Having worked with lumen prints and cyanotype for some time now, and being unable to access the print studios at uni, I decided to branch out and try some pinhole photography. The analogue process of pinhole photography would allow me to continue to trace the Tamaki Estuary site in a direct and immersive way without transitioning into a lens-based practice.

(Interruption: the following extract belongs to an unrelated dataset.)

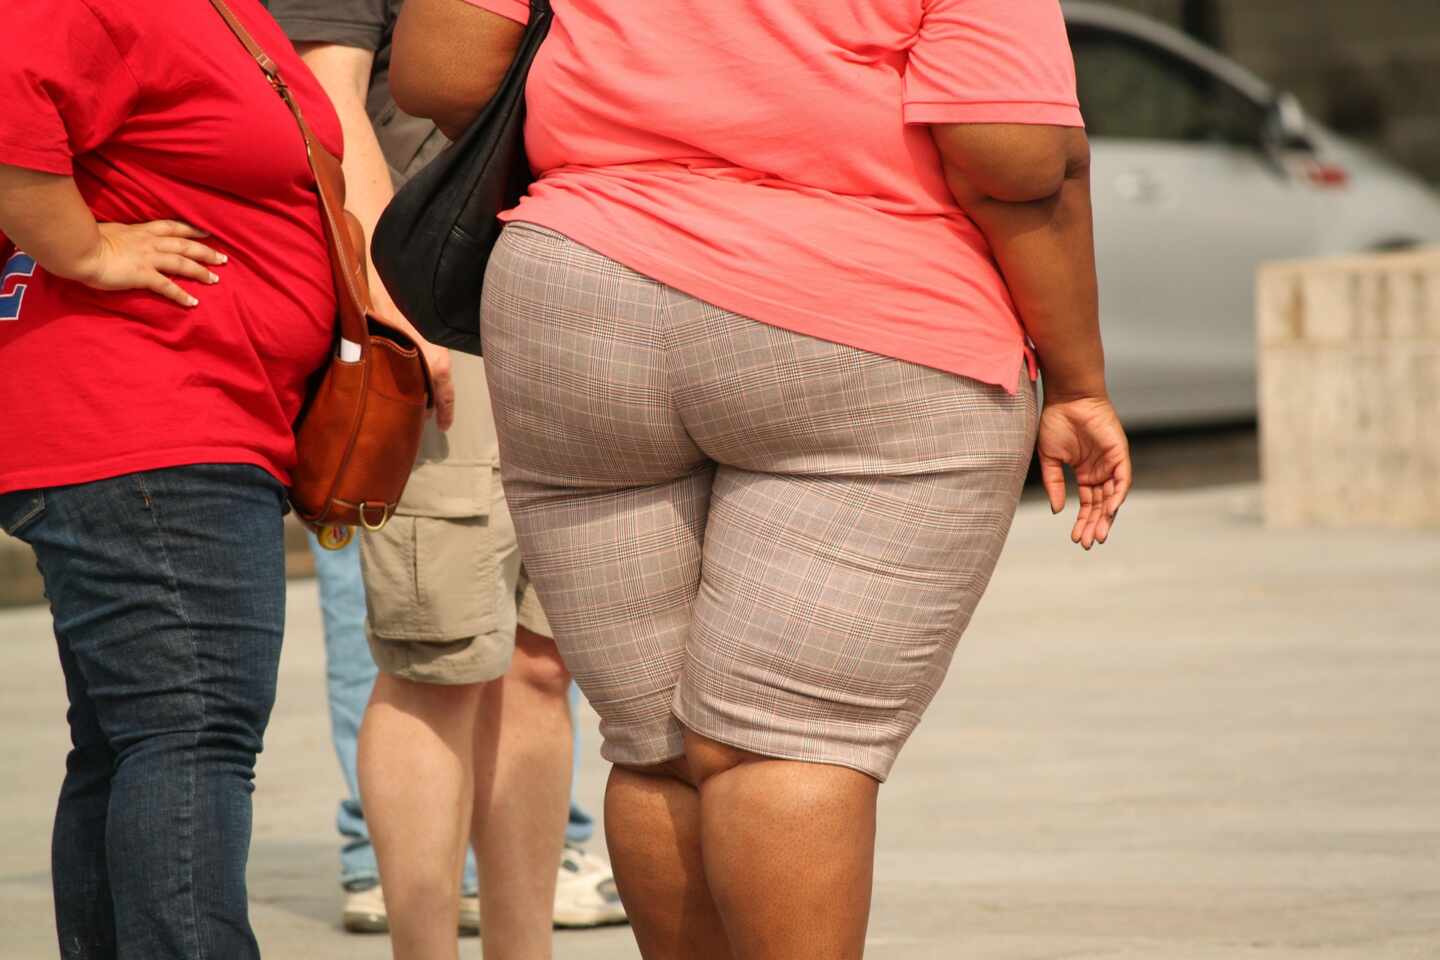 Por qué, mujer, es mala para tí la obesidad

I made the camera using an old Milo tin and turned my bathroom into a darkroom, and took my first few test shots in the garden to figure out the ideal exposure times. The first shot I took had an exposure time of 1:30 mins, and was severely underexposed. The next three were exposed for 2:30 mins and came out nicely. The only issue I had was what looks like a lens flare appearing in the middle of the images, which I suspect was caused by the light bouncing off a tiny piece of foil around the pinhole that I had missed with the black paint. I didn’t really mind this occurrence in a couple of the shots - it almost looks like a shaft of sunlight and gives the images a magical quality. However in one of them it was too much and overexposed the centre of the photo.






The next step will be to take the camera down to the estuary and document the site, potentially even creating some lumen prints at the same time so it will be like a documentation of the documentation. I am also looking into how to do long exposure pinhole photography, similar to Tim Knowles’ work ‘Glacial Creep’.